Sunday, February 20, 2005

"Cambridge don challenges conventional wisdom on "Good" Policies and Institutions"

UNU/INTECH Seminar Highlights:

"You could write a history of development economics by looking at the succession of catch-phrases that have captured the reigning orthodoxies of the day. If you did, there is little doubt that the current chapter would be entitled 'Good Governance.' For the past ten years, the international policy-advice establishment centred on the World Bank and the International Monetary Fund has promoted the notion that no economic strategy can succeed as long as poor countries are governed by ineffective and corrupt bureaucracies, managing inadequate and outmoded institutions.

"If good governance - and its corollary, good institutions - are the centrepieces of the current development orthodoxy, Dr. Ha-Joon Chang must be counted as its heretic-in-chief. For the past two years, this Cambridge economics professor has led an iconoclastic push against the received wisdom. 'Good governance,' Dr. Chang says, 'should be seen as one of the effects of development rather than as one of the causes.' "

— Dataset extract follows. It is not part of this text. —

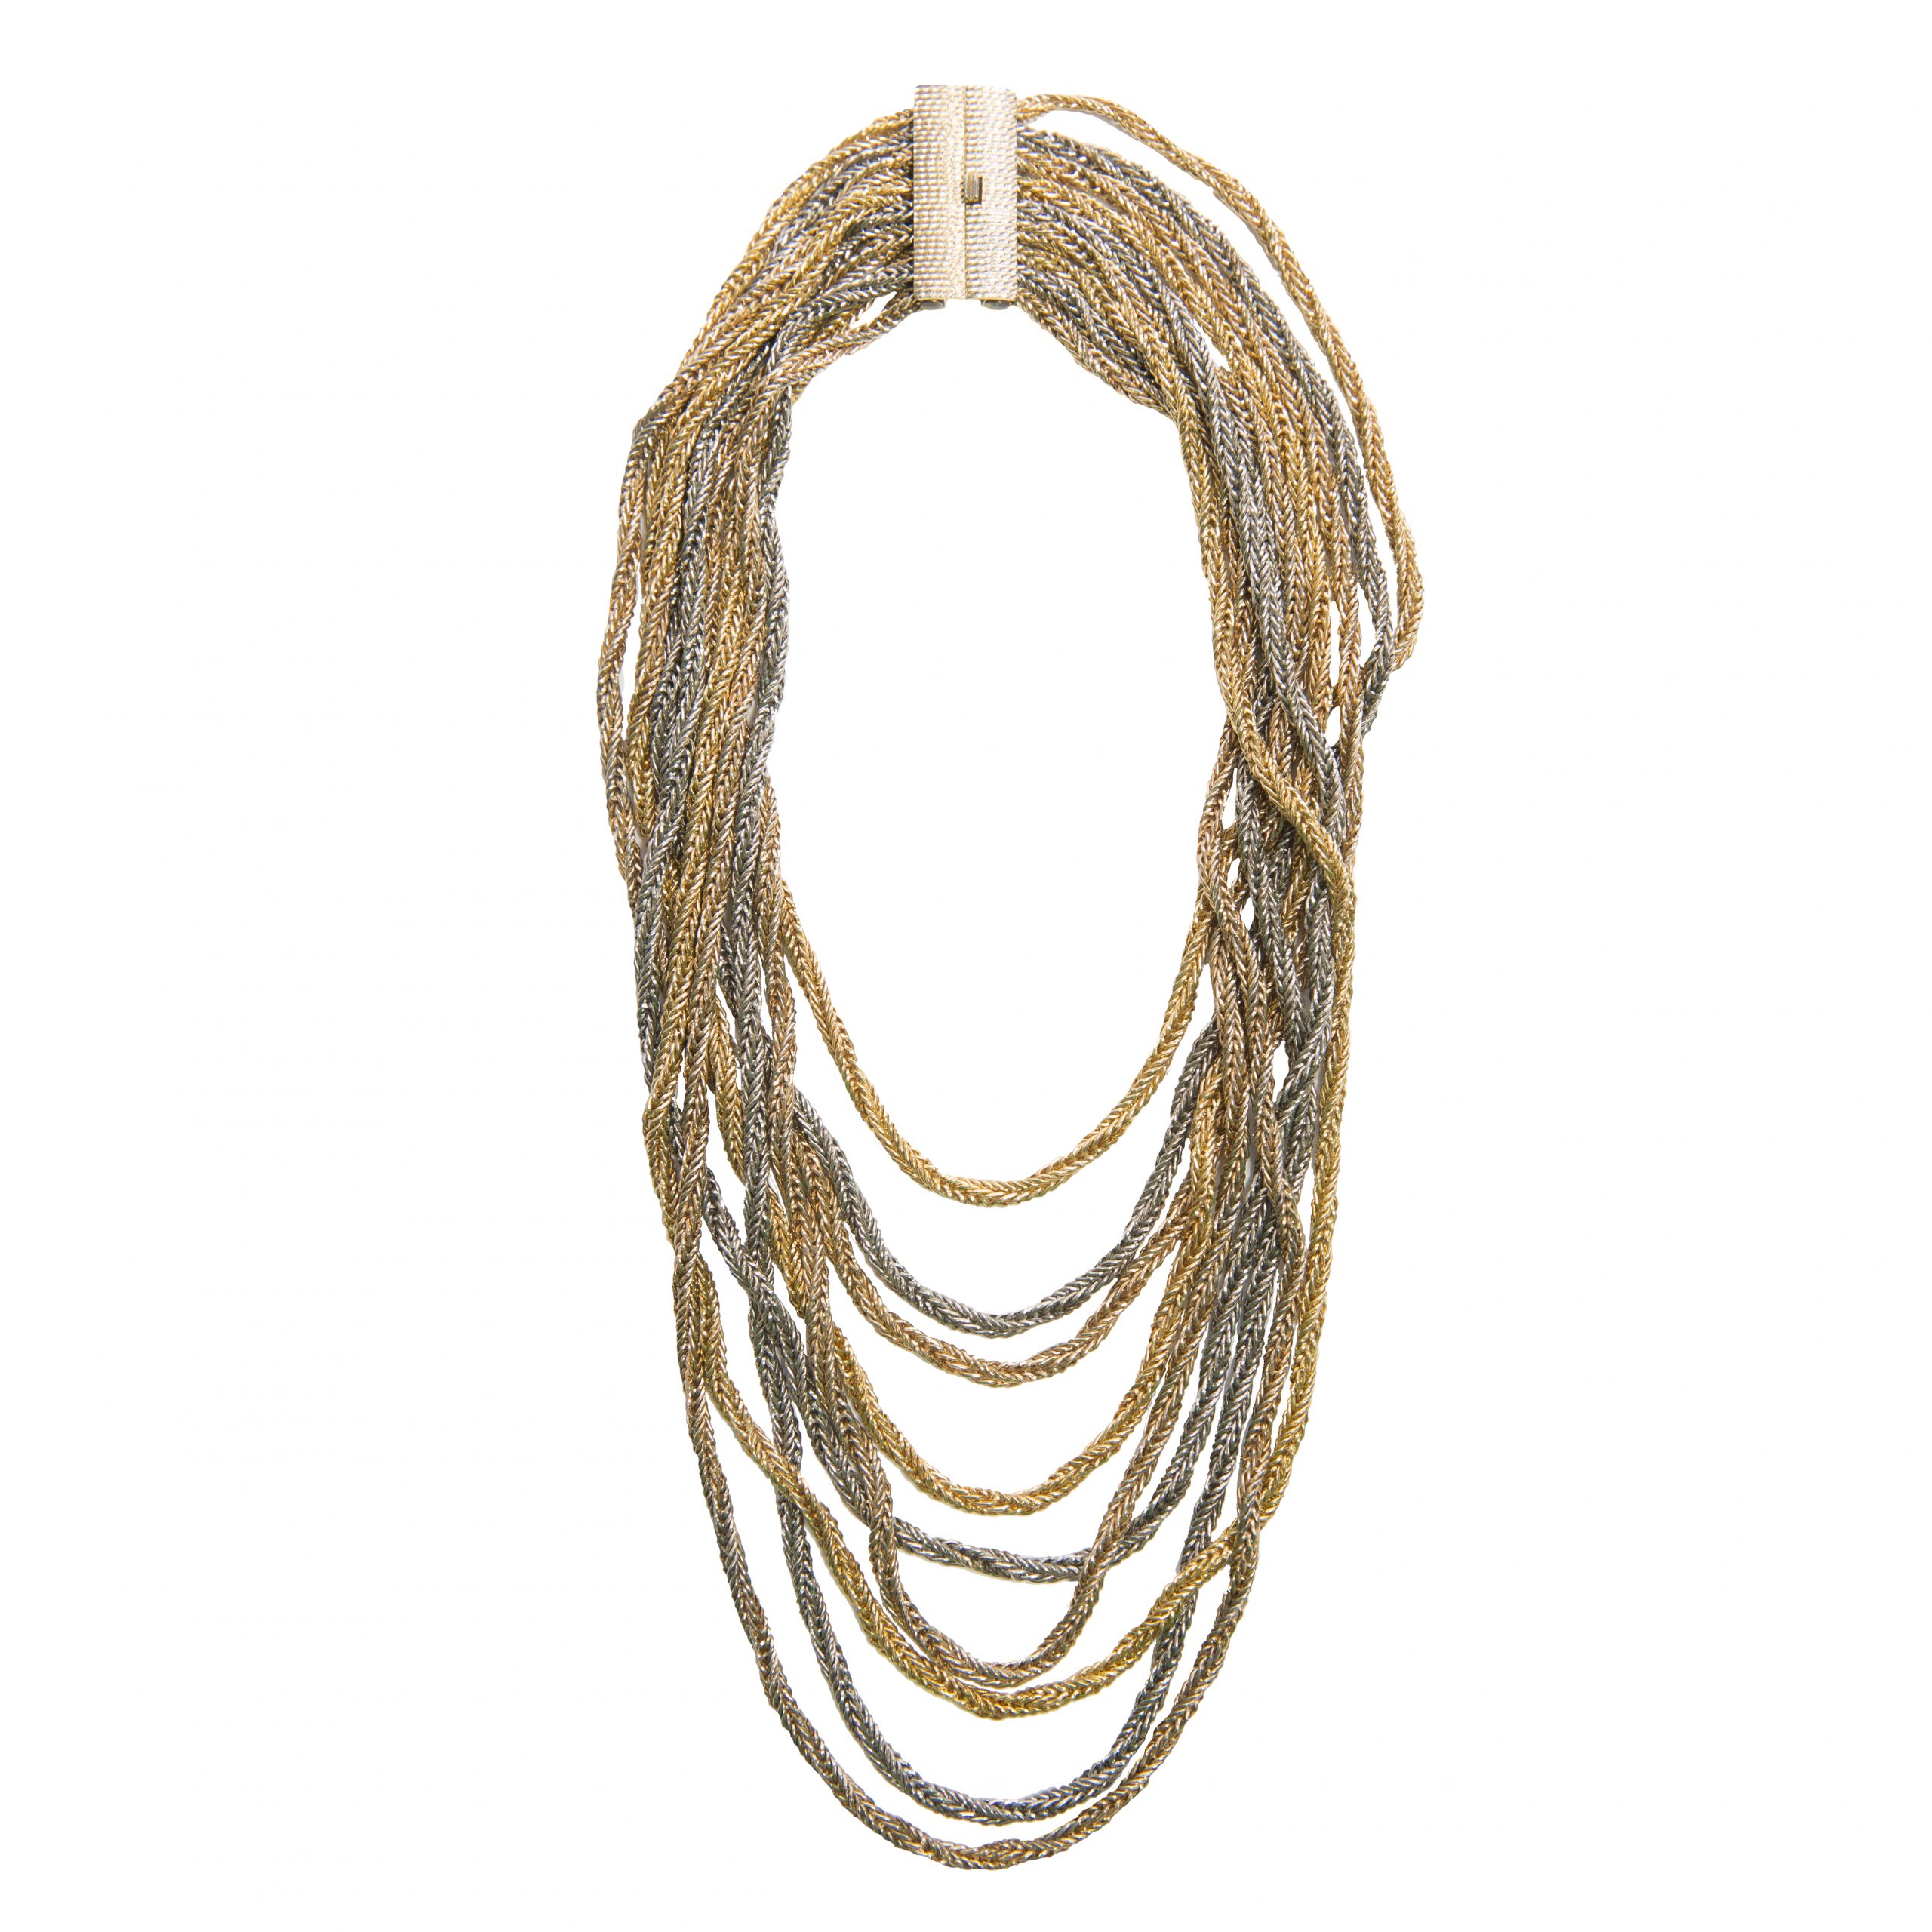 Vintage gold and silver multi chain necklace
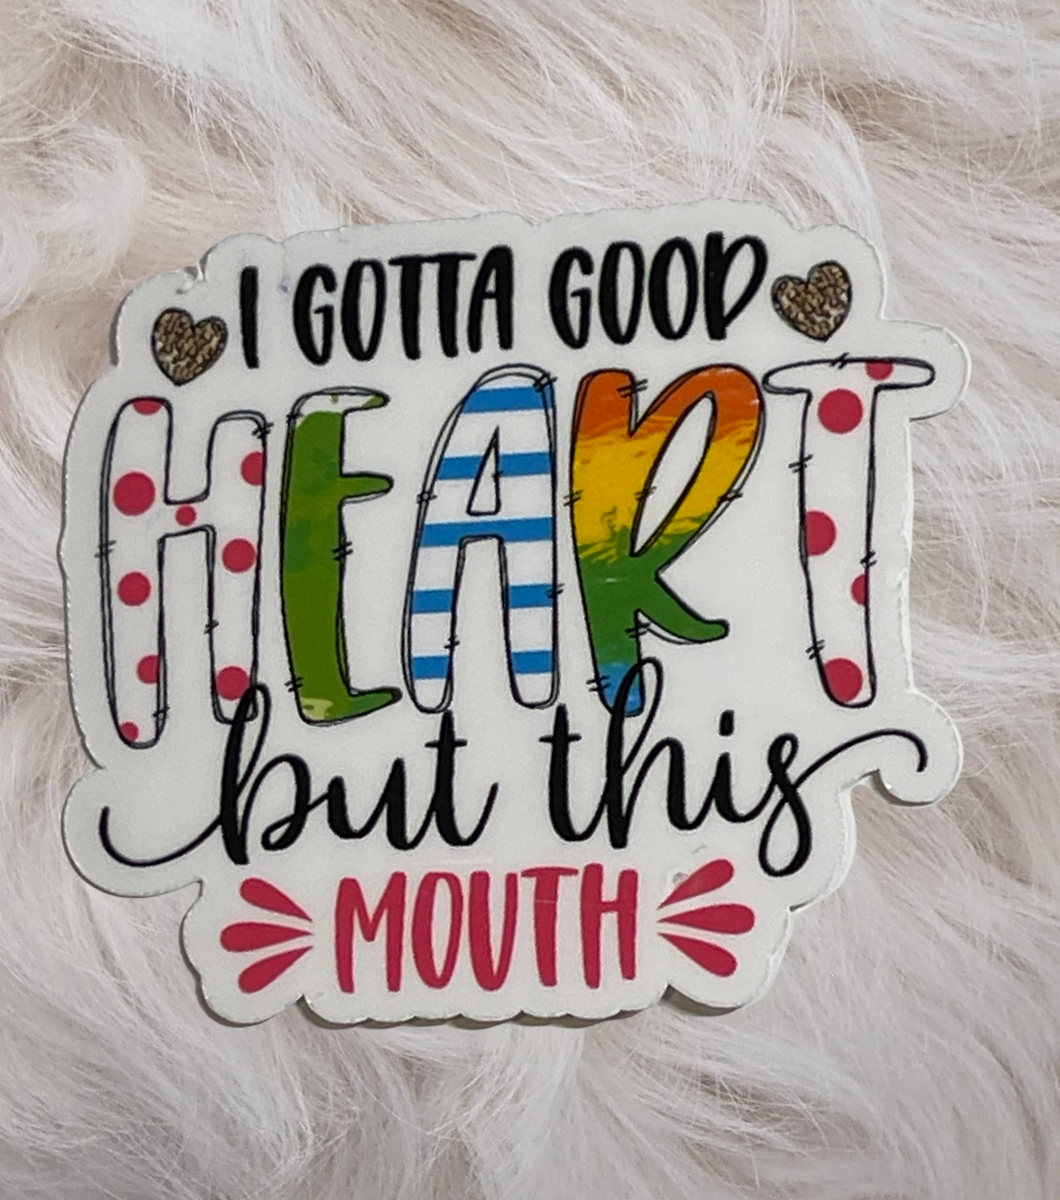 Sarcastic Series Sticker: I Gotta Good Heart But This Mouth

This position would seem to challenge the central theme of my paper, "The Institutional Divide: Is The Digital Divide a Symptom or a Cause?" In that paper I argued that institutional development is perhaps more important than bridging the digital divide. However, more basically, I argued that institutions are developing and that ICT innovation would both be demanded by the institutional development and would help propel that development.